## Your objective
Leaving the pictures aside, reproduce the data in full and word for word.

## Data below
* * *
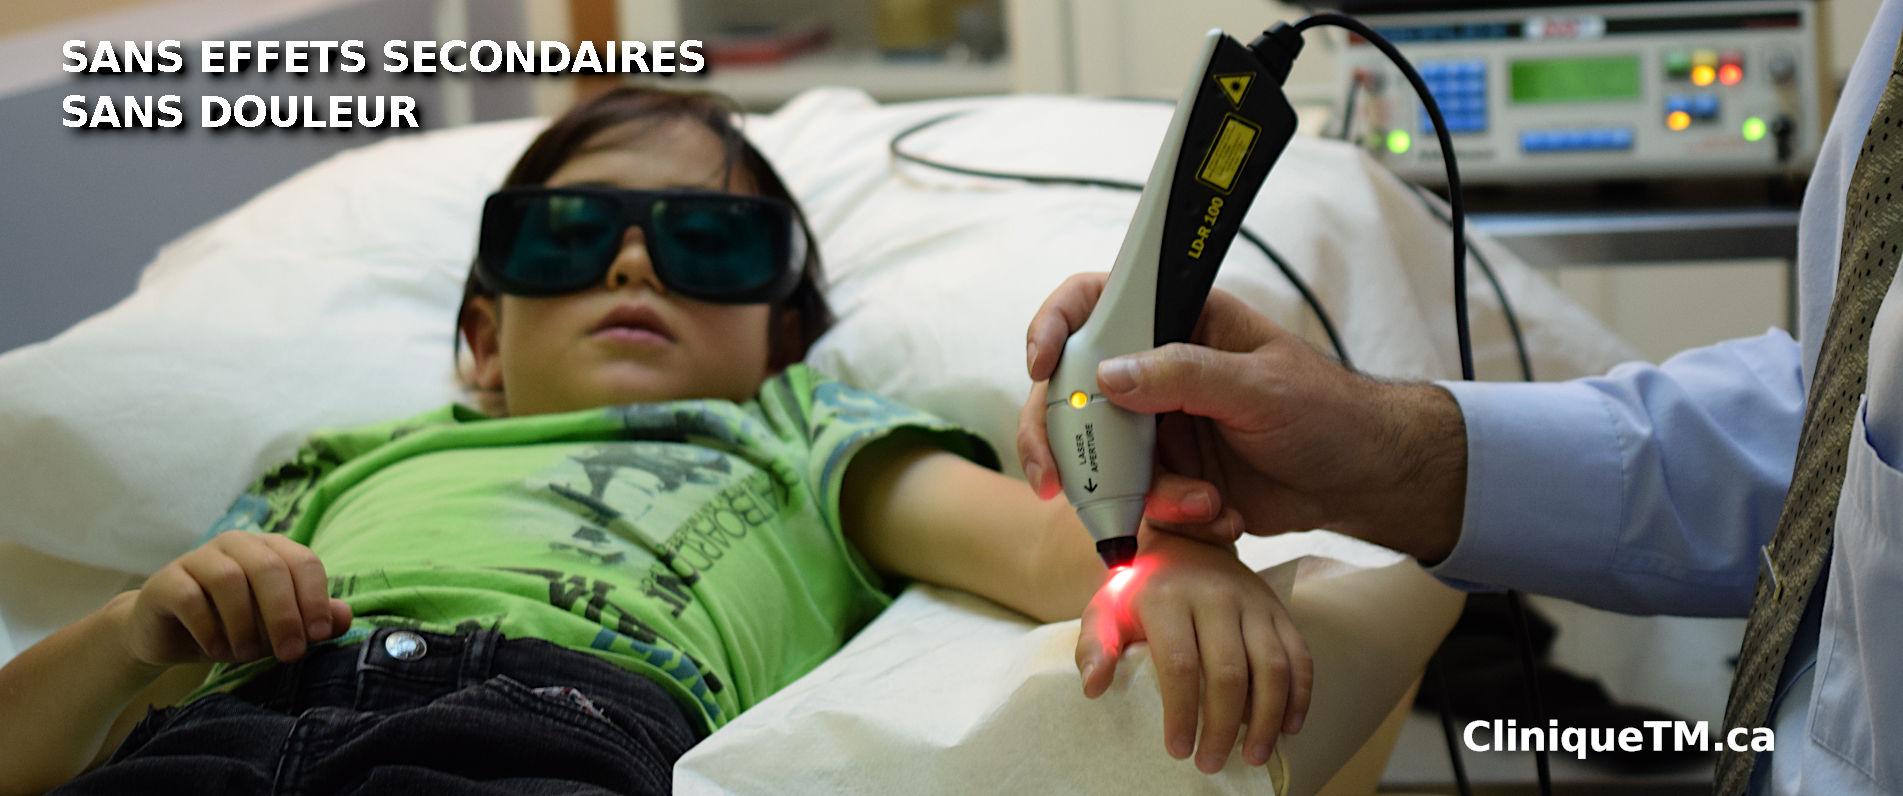 acupuncture au laser longueuil
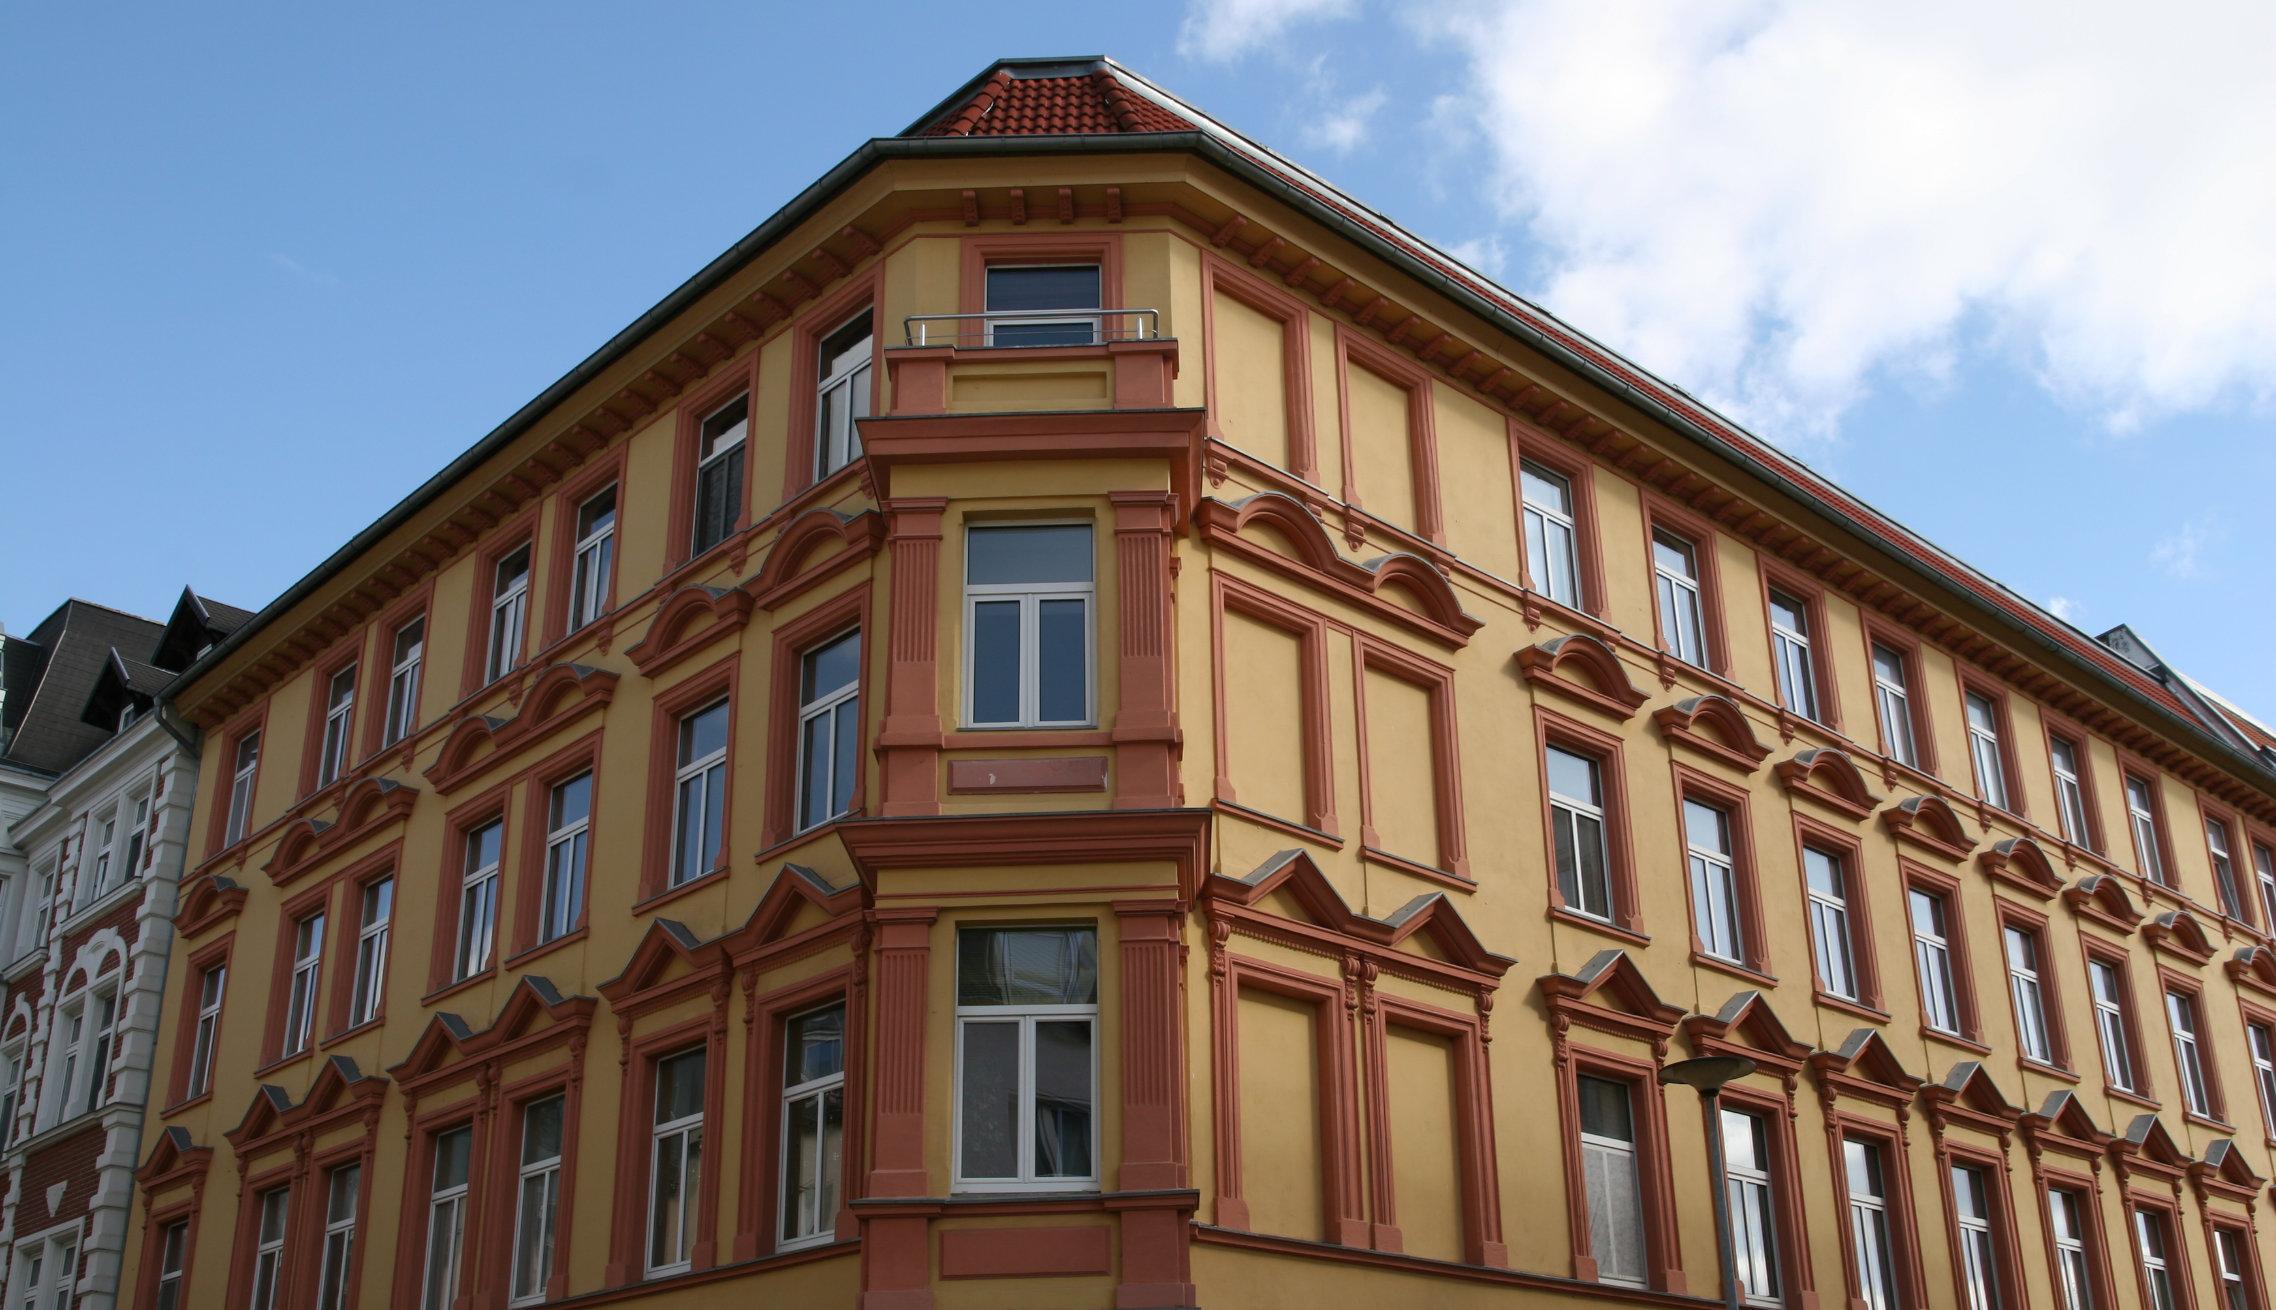 GU-Leistungen im Hochbau vom Bauunternehmen Magdeburg
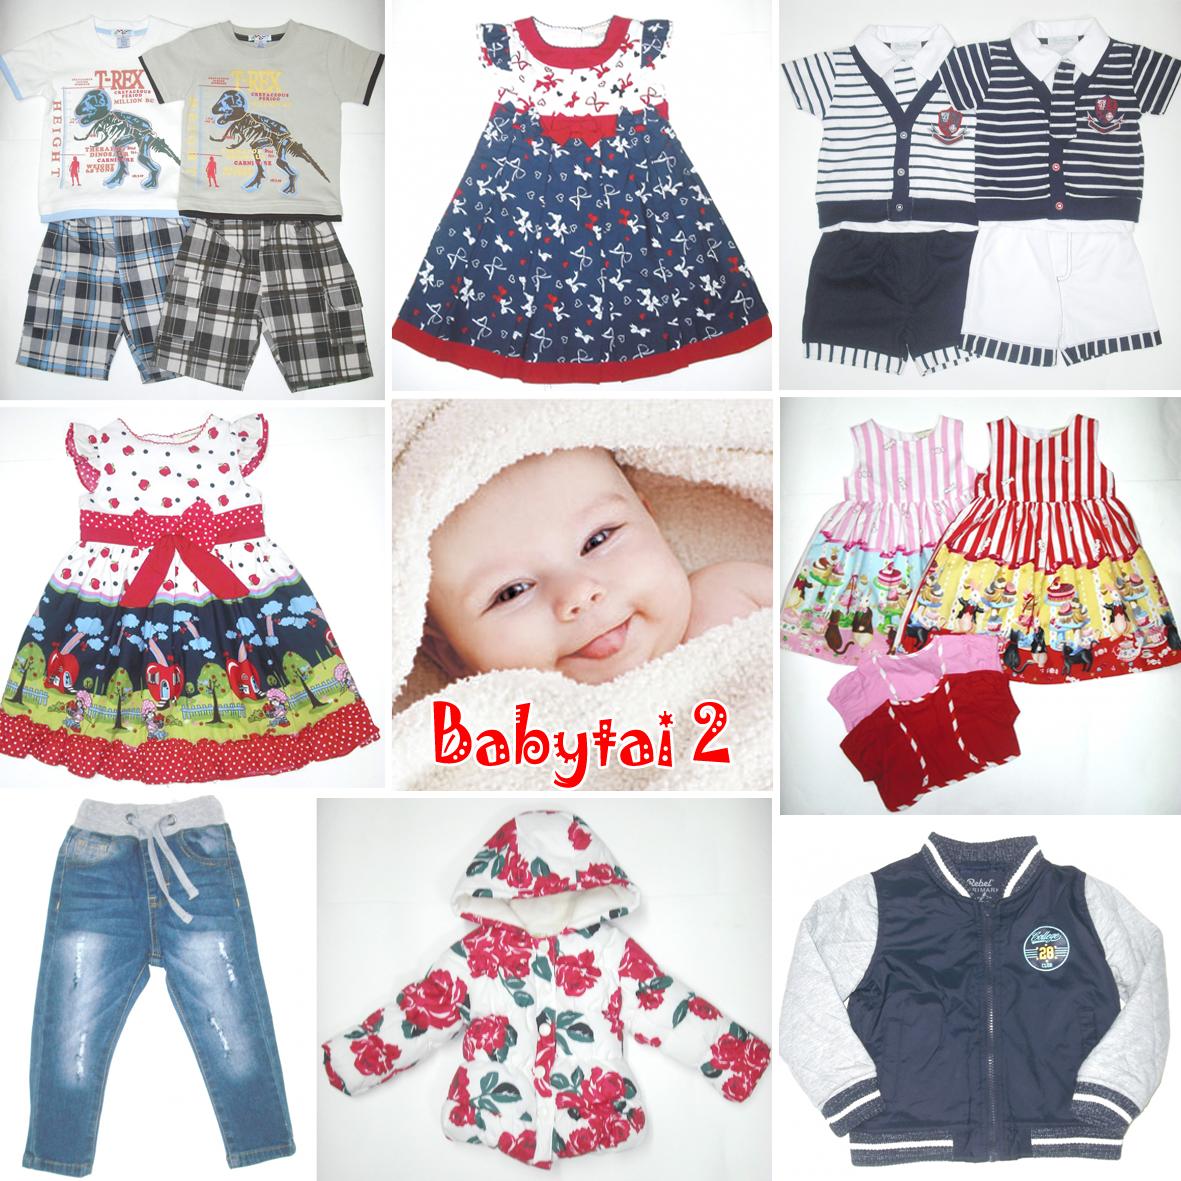 Сбор заказов. Babytai - большой выбор детской одежды от 0 и старше. Утепленные костюмы для малышей. Праздничные платья. Распродажа: все по 200, 300, 400 рублей. Выкуп 2
* * *
## Exercise answer
 acupuncture au laser longueuil
 GU-Leistungen im Hochbau vom Bauunternehmen Magdeburg
 Сбор заказов. Babytai - большой выбор детской одежды от 0 и старше. Утепленные костюмы для малышей. Праздничные платья. Распродажа: все по 200, 300, 400 рублей. Выкуп 2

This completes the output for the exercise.